As shown in the example of FIG. 4 , computing system 400 may adjust, based on the ranking of the one or more noncurrent timestamps as determined by ML module 410, the playback position of the video displayed by GUI 416 to noncurrent timestamp 419. As described herein, ML module 410 may rank one or more noncurrent timestamps based on user data indicating user preferences for adjusting video playback. For example, if historical user data indicates a user frequently rewinds to the beginning of scenes, a start timestamp corresponding to the beginning of a current scene may be determined as a first-ranked noncurrent timestamp by ML module 410. Thus, in some examples, timestamp 419 may be a first-ranked noncurrent timestamp. In some examples, however, as described above, computing system 400 may receive, from computing device 412, user data including data indicative of one or more of a number of requests for rewinding the video and a number of requests for fast-forwarding the video. For example, after computing system 400 adjusts the video playback to timestamp 419, user 420 may provide an additional input indicative of an additional request to adjust the playback position of the video (e.g., by interacting with one or more of buttons 414A-414N). For example, user 420 may provide the additional request (e.g., a request to rewind again) if timestamp 419 is not user 420’s desired timestamp.
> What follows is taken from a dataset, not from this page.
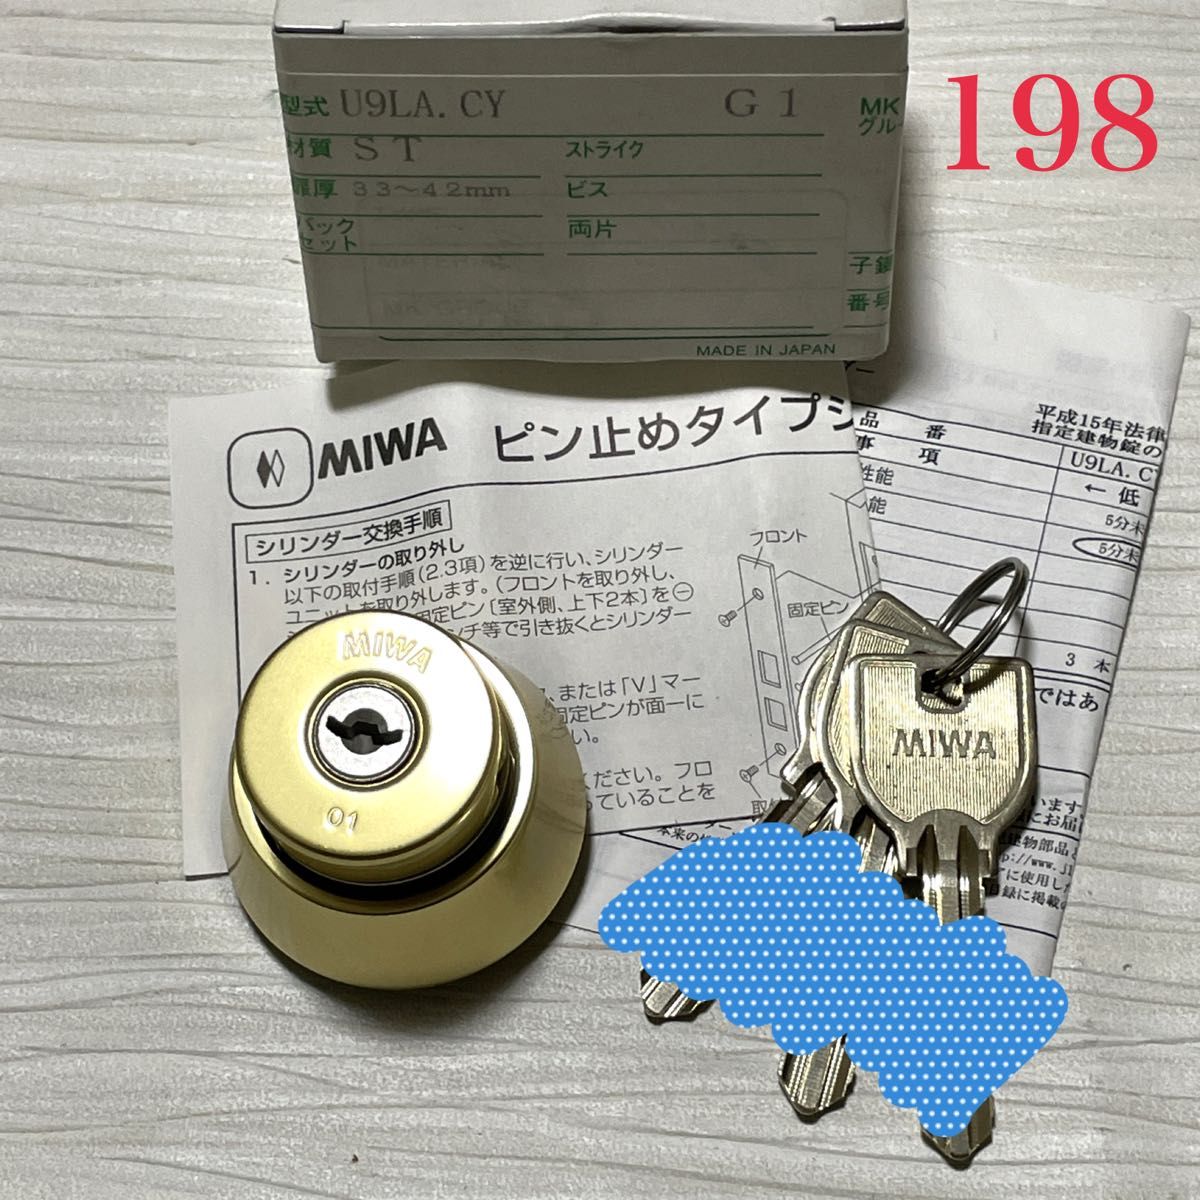 ☆最終特価☆【198】MIWA 美和ロック U9 LA.CY(LA BS) キー３本

Responsive to receiving a second input indicative of a request to adjust a playback position of the video, computing system 400 may adjust, based on the ranking of the one or more noncurrent timestamps, the playback position to a second noncurrent timestamp from the one or more noncurrent timestamps (e.g., a timestamp that is different from timestamp 419). In some examples, the second noncurrent timestamp is a second-ranked noncurrent timestamp. Furthermore, as described above, computing system 400 may provide this additional input as feedback to ML module 410 to better understand user preferences, in which the user preference model and other models described herein may be trained on the user data.
FIG. 5 is a flowchart illustrating an example operation of a computing system configured to receive user input indicating a request to adjust a playback position of a video, in accordance with one or more techniques of this disclosure. For the purposes of clarity, the operation of FIG. 5 is discussed in reference to FIGS. 1-4 .
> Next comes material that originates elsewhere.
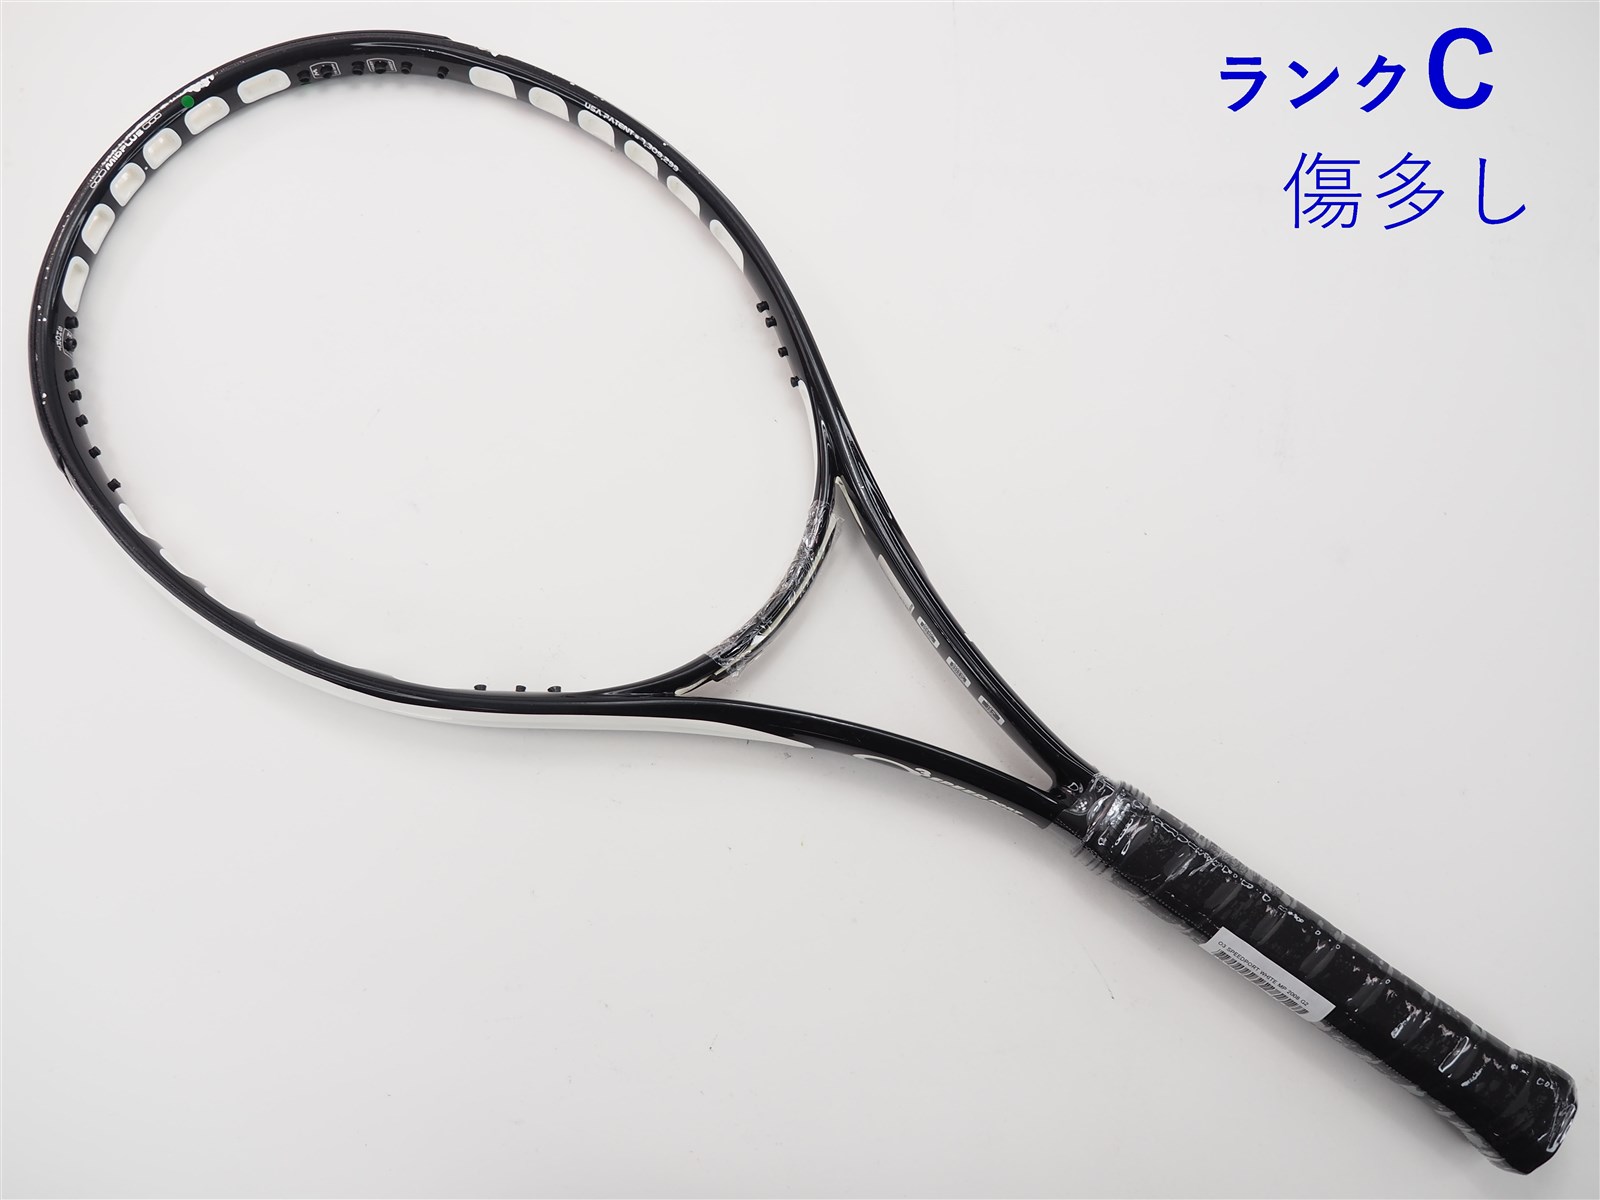 テニスラケット プリンス オースリー ホワイト MP (G3)PRINCE O3 WHITE MP

Computing system 100 receives a transcript for a video (582). In some examples, computing system 100 retrieves, using an application programming interface generated by API module 106, video information including the transcript and visual data. In some examples, ML module 110 of computing system 100 applies a machine learning model to the transcript to generate an augmented transcript including information indicative of one or more scenes included in the video. In these examples, computing system 100 may provide the augmented transcript to another machine learning model implemented by ML module 110 as input.
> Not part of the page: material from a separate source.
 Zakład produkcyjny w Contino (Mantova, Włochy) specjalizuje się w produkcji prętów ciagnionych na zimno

Computing system 100 receives an input indicative of a request to adjust a playback position of the video, in which the request does not specify a timestamp of the video to which to adjust the playback position (584). In some examples, user 120 operating computing device 112 may provide the input by interacting with one of buttons 114A-114N of GUI 116, in which each of buttons 114A-114N may correspond to a video playback feature.
Computing system 100 applies, based on the request to adjust the playback position, transcript matching model 352 to the transcript and a current timestamp of the video to identify one or more noncurrent time stamps (586). In some examples, the one or more noncurrent time stamps include at least one of a start time stamp for a current sentence, a start time stamp for a current dialogue, a start time stamp for a current scene, start time stamp for a future sentence, a start time stamp for a future dialogue, and a start time stamp for a future scene.
Computing system 100 applies user preference model 353 to the transcript, the current timestamp, and the one or more noncurrent time stamps to rank, based on user data stored in user data storage 342, the one or more noncurrent time stamps (588). In some examples, the user data stored in user data storage 342 includes data indicative of one or more of a number of requests for rewinding the video and a number of requests for fast-forwarding the video. In some examples, user preference model 353 is trained on the user data stored in user data storage 342. In some examples, transcript matching model 352 and user preference model 353 are the same machine learning model.
Computing system 100 adjusts, based on the ranking of the one or more noncurrent timestamps, the playback position to noncurrent timestamp 419 from the one or more noncurrent timestamps (590). In some examples, noncurrent timestamp 419 is a first-ranked noncurrent timestamp. In some examples, the input indicative of the request is a first input, and the noncurrent timestamp is a first noncurrent timestamp. In these examples, responsive to receiving a second input indicative of a request to adjust a playback position of the video, computing system 100 adjusts, based on the ranking of the one or more noncurrent timestamps, the playback position to a second noncurrent timestamp from the one or more noncurrent timestamps. In some examples, the second noncurrent timestamp is a second-ranked noncurrent timestamp.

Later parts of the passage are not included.